Через две недели после казни жандармерия уведомила пролетариатцев, что они должны быть переведены в варшавскую тюрьму Павиак, чтобы вскорости отправиться в дальнюю дорогу. В Павиаке осужденным обрили наполовину голову, сбрили бороды и усы; их переодели в арестантские одежды и заковали в кандалы. Пролетариатцы мужественно переносили жестокий режим, переносили все, кроме унижения их нравственного достоинства. В них поддерживал дух Людвик Варыньский, который повторял, что даже в Шлиссельбурге не пропадет и выйдет оттуда, чтобы снова вести вперед рабочих. В камере Павиака он написал свою вдохновенную, полную оптимизма «Кандальную мазурку», заражающую неукротимой волей к борьбе и безграничной верой в будущую победу…

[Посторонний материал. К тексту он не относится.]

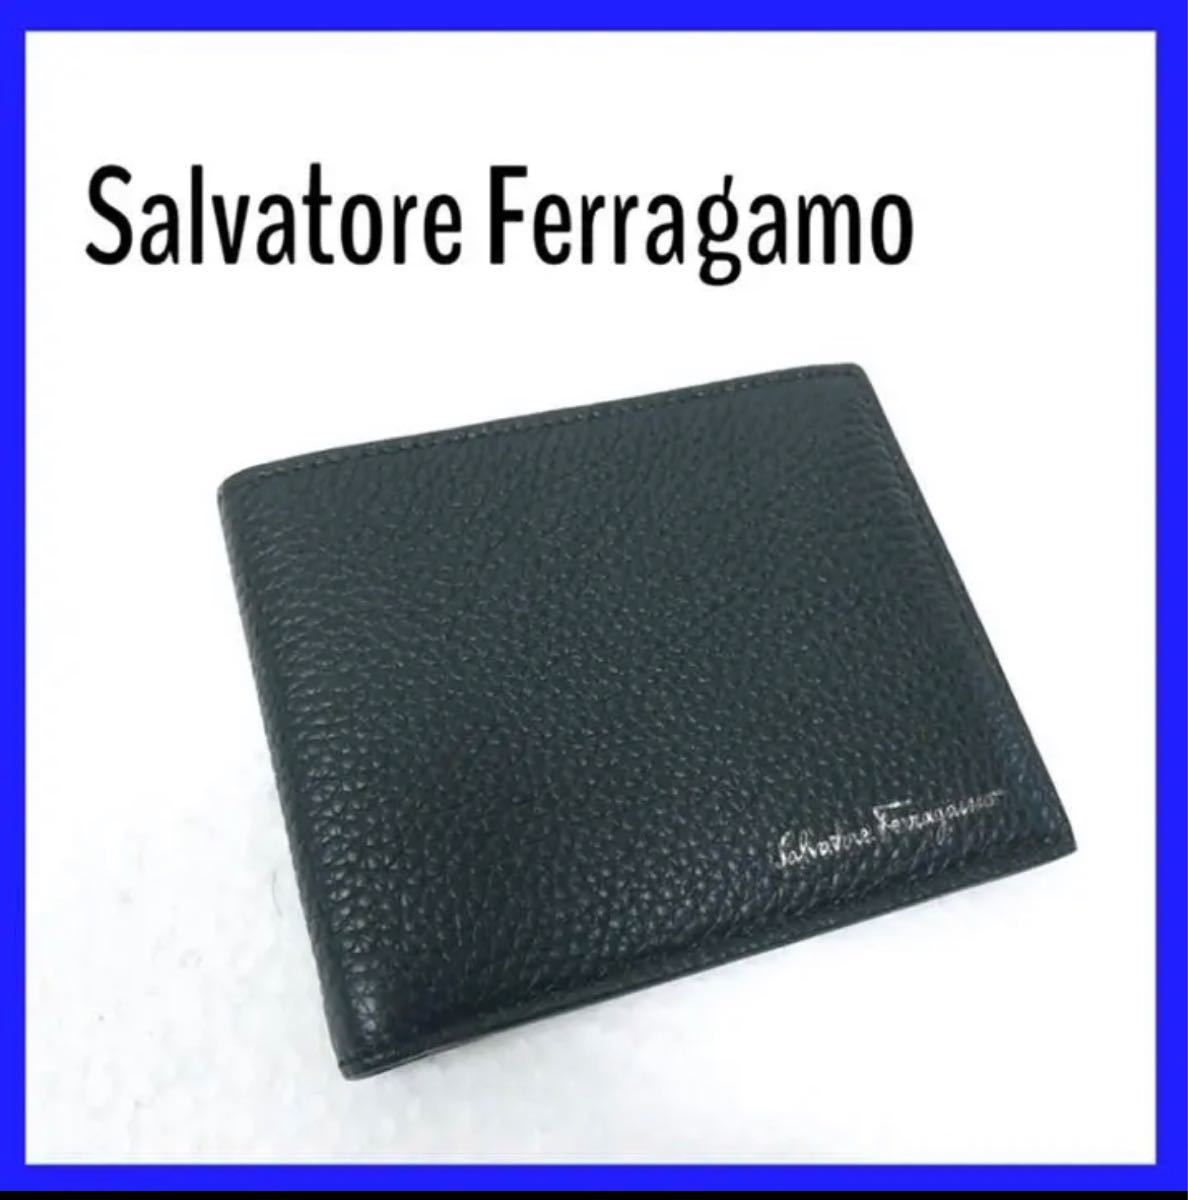 【本物志向の紳士にオススメ】Ferragamo フェラガモレザー 折財布 札入れ
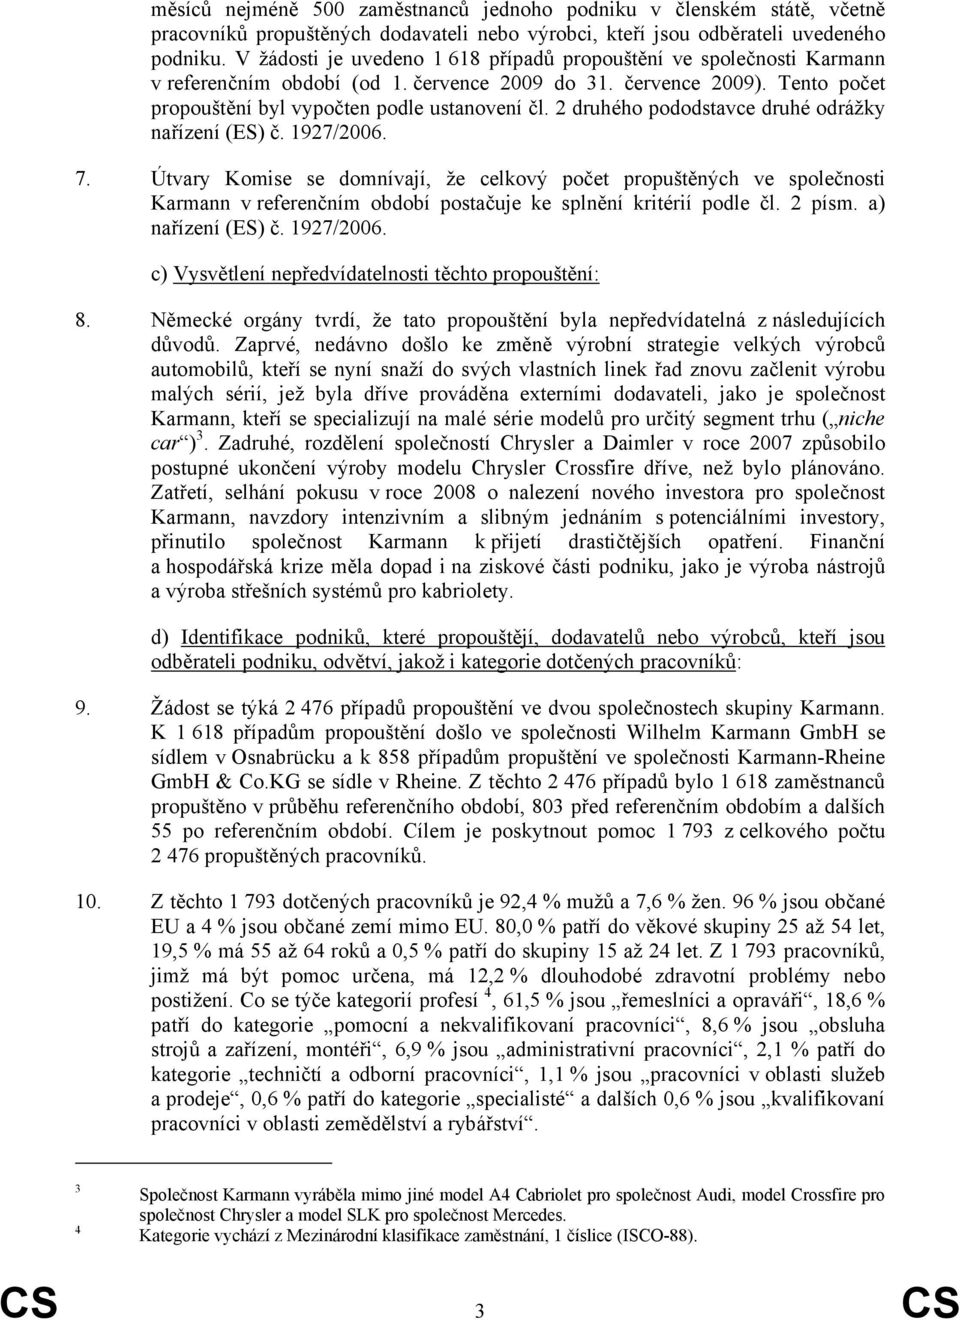 2 druhého pododstavce druhé odrážky nařízení (ES) č. 1927/2006. 7.

Уже через несколько дней после перевода узников в Павиак Варыньского и Яновича отправили в Петербург, где они провели две недели в Трубецком бастионе Петропавловской крепости, а потом были направлены в Шлиссельбург, куда прибыли 13 марта 1886 года».
Глава двадцать четвертая
КОНРАД
Скоро три года, как мы в Шлиссельбурге… По привычке подумал «мы», теперь же надо привыкать по-другому. Три дня назад, утром, когда нас вывели на прогулку, Людвик тихо угас в своей камере, как язычок пламени в лампе, когда в ней кончается керосин. Единственная и верная подруга — лампа, коротающая с нами бесконечные вечера! Случается, она становится последним средством, чтобы избавиться от этого ада, как сделал Грачевский года полтора назад, обложившись тряпками, смоченными в керосине, и воспламенив их огнем той же лампы. Пока бегали за смотрителем Соколовым-Иродом, у которого находились ключи от камер, Грачевский задохнулся в дыму…
Людвик сгорел иначе. Он не хотел умирать, но жизнь для него означала деятельность. Он не умел существовать. Тем более — в одиночестве. Это я со своею любовью к статистике могу часами уединенно сидеть за цифрами. Варыньскому нужны были не цифры, а живые люди. В них он видел материал своей деятельности. Последними его действенными поступками стали письмо на волю товарищам по борьбе из Десятого павильона после январских виселиц и «Кандальная мазурка», которую мы пели в Павиаке, расставаясь навсегда. Для дела Людвик был способен на все. Он даже мог сочинять музыку и стихи, если это требовалось революции.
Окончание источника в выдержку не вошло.